Respondent is using the <enterprisecars.net> domain name to display hyperlinks that lead to the websites of Complainant’s competitors.  This is likely to disrupt Complainant’s business by diverting potential customers looking for vehicle rental, leasing, and sales services away from Complainant.  Therefore, the Panel finds that Respondent’s registration and use of the disputed domain name constitutes bad faith pursuant to Policy ¶ 4(b)(iii).  See Tesco Pers. Fin. Ltd. v. Domain Mgmt. Svcs. c/o Corporate Mgmt., FA 877982 (Nat. Arb. Forum Feb. 13, 2007) (finding that the respondent registered and used the disputed domain name in bad faith pursuant to Policy ¶ 4(b)(iii) when the disputed domain name resolved to a website that displayed commercial links to the websites of the complainant’s competitors); see also Puckett, Individually v. Miller, D2000-0297 (WIPO June 12, 2000) (finding that the respondent has diverted business from the complainant to a competitor’s website in violation of Policy ¶ 4(b)(iii)).

 

Respondent’s <enterprisecars.net> domain name, which is confusingly similar to Complainant’s ENTERPRISE mark, is likely to cause confusion among customers searching for Complainant’s vehicle rental, leasing, and sales services.  Specifically, customers may become confused as to the affiliation, endorsement, or sponsorship of the competing services advertised by the links on Respondent’s website.  Respondent presumably receives click-through fees for each misdirected Internet user, and is therefore attempting to commercially benefit from this likelihood of confusion between Respondent’s domain name and the goodwill associated with Complainant’s ENTERPRISE mark.  Therefore, the Panel finds that Respondent’s registration and use of the <enterprisecars.net> domain name constitutes bad faith pursuant to Policy ¶ 4(b)(iv).  See Metropolitan Life Ins. Co. v. Bonds, FA 873143 (Nat. Arb. Forum Feb. 16, 2007) (“The Panel finds such use to constitute bad faith registration and use pursuant to Policy ¶ 4(b)(iv), because [r]espondent is taking advantage of the confusing similarity between the <metropolitanlife.us> domain name and Complainant’s METLIFE mark in order to profit from the goodwill associated with the mark.”); see also Identigene, Inc. v.
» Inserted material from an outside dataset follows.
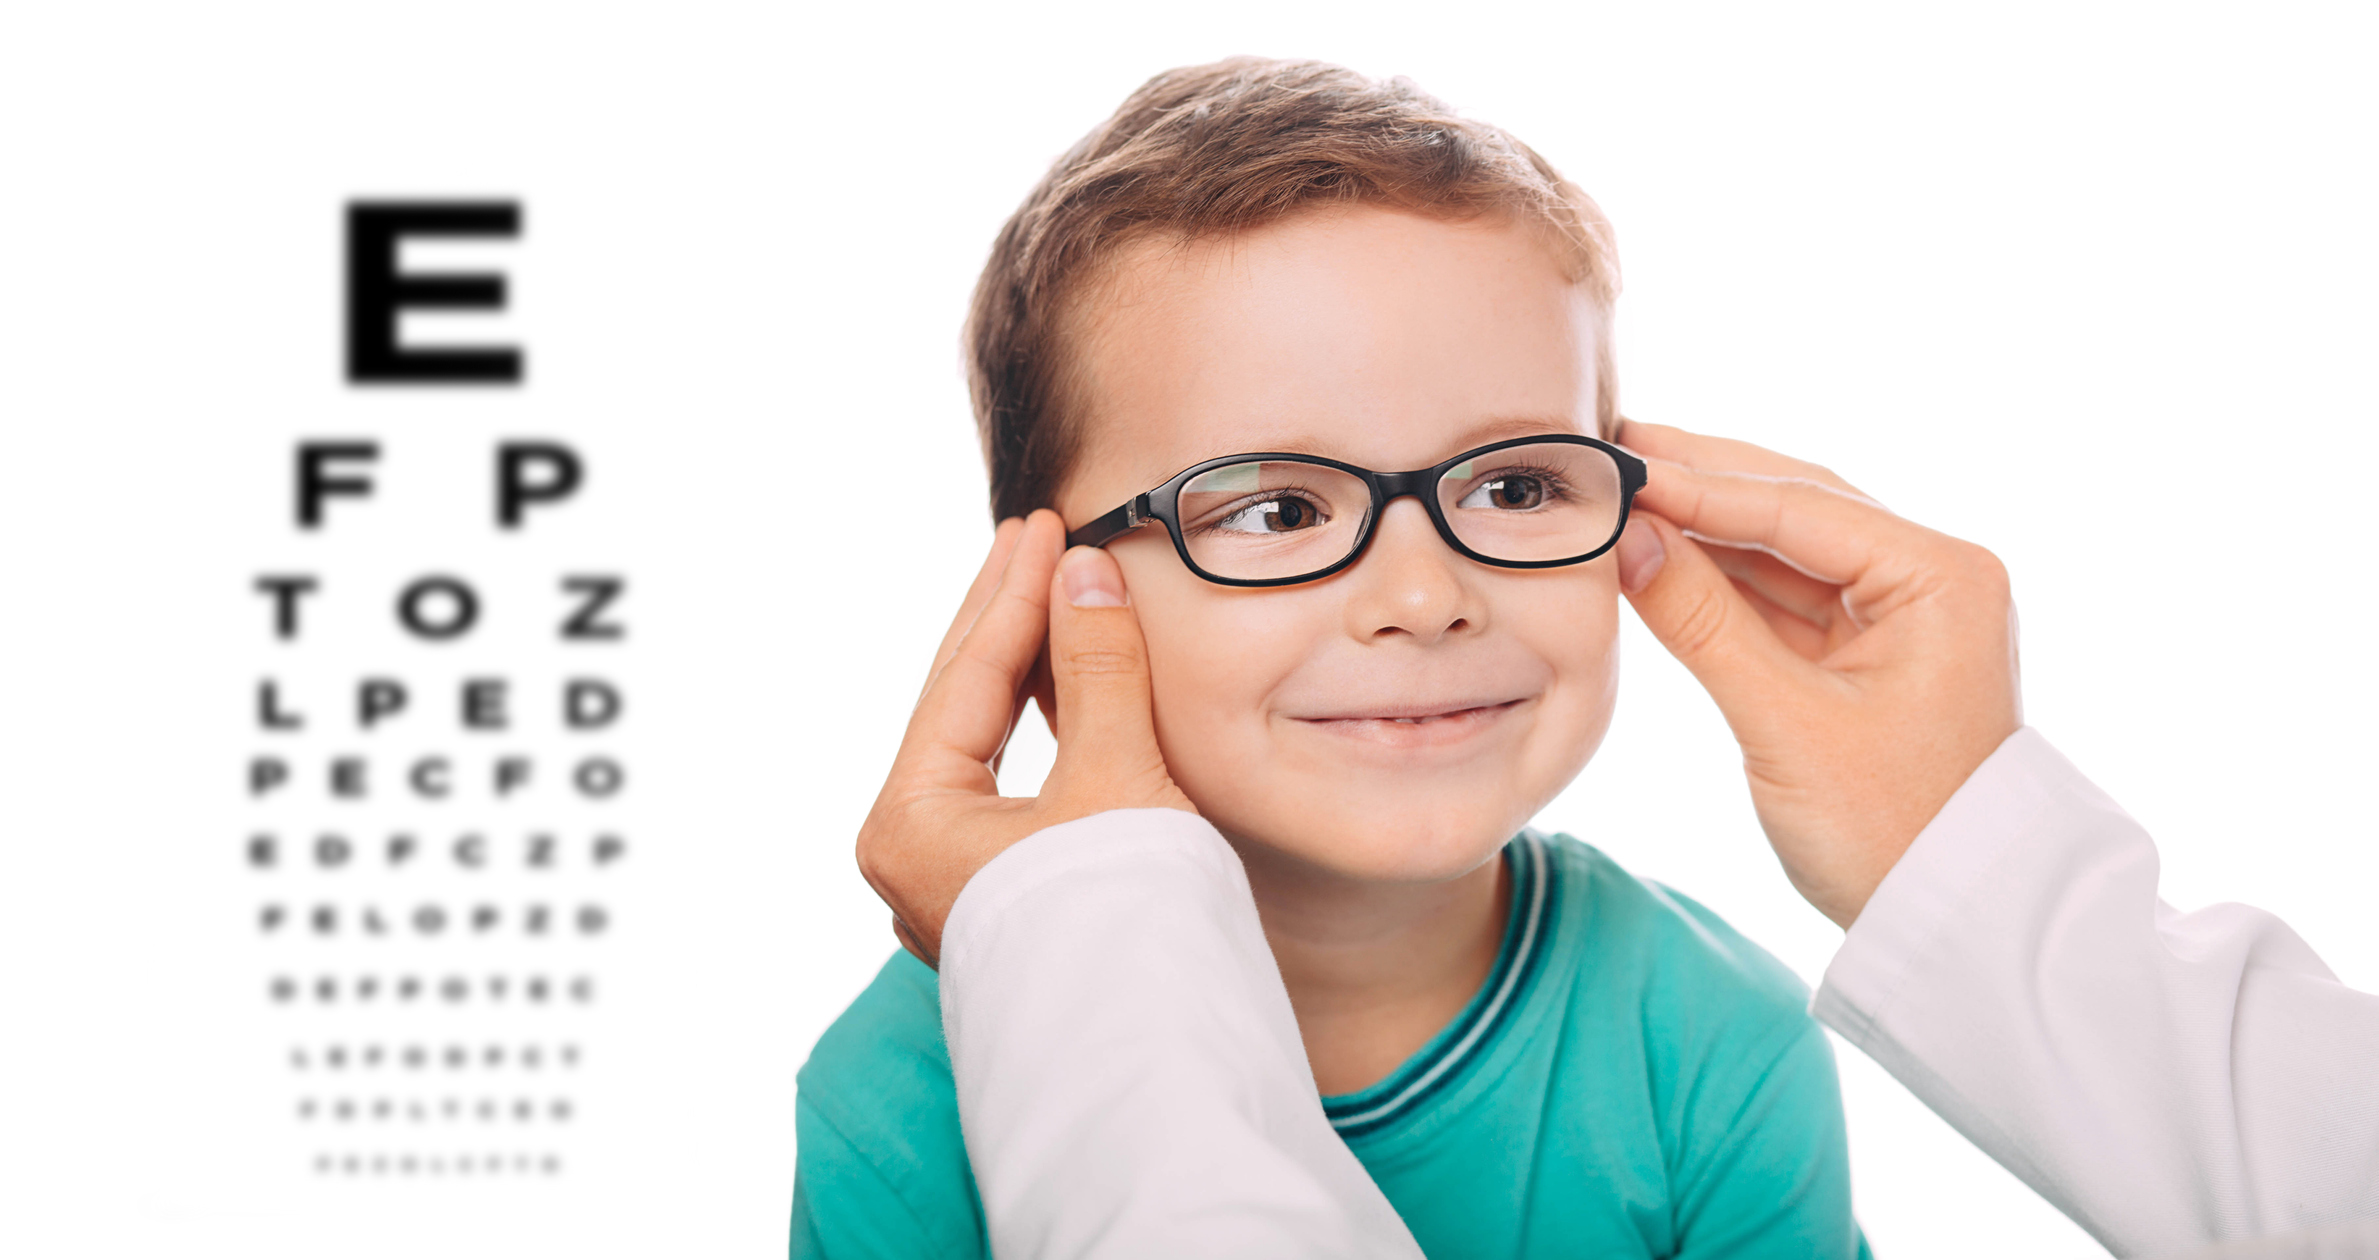 Optometrist is putting new glasses on Little boy face

Genetest Labs., D2000-1100 (WIPO Nov. 30, 2000) (finding bad faith where the respondent's use of the domain name at issue to resolve to a website where similar services are offered to Internet users is likely to confuse the user into believing that the complainant is the source of or is sponsoring the services offered at the site).   

 

The Panel finds that Policy ¶ 4(a)(iii) has been satisfied.

 

DECISION

Having established all three elements required under the ICANN Policy, the Panel concludes that relief shall be GRANTED.

 

Accordingly, it is Ordered that the <enterprisecars.net> domain name be TRANSFERRED from Respondent to Complainant.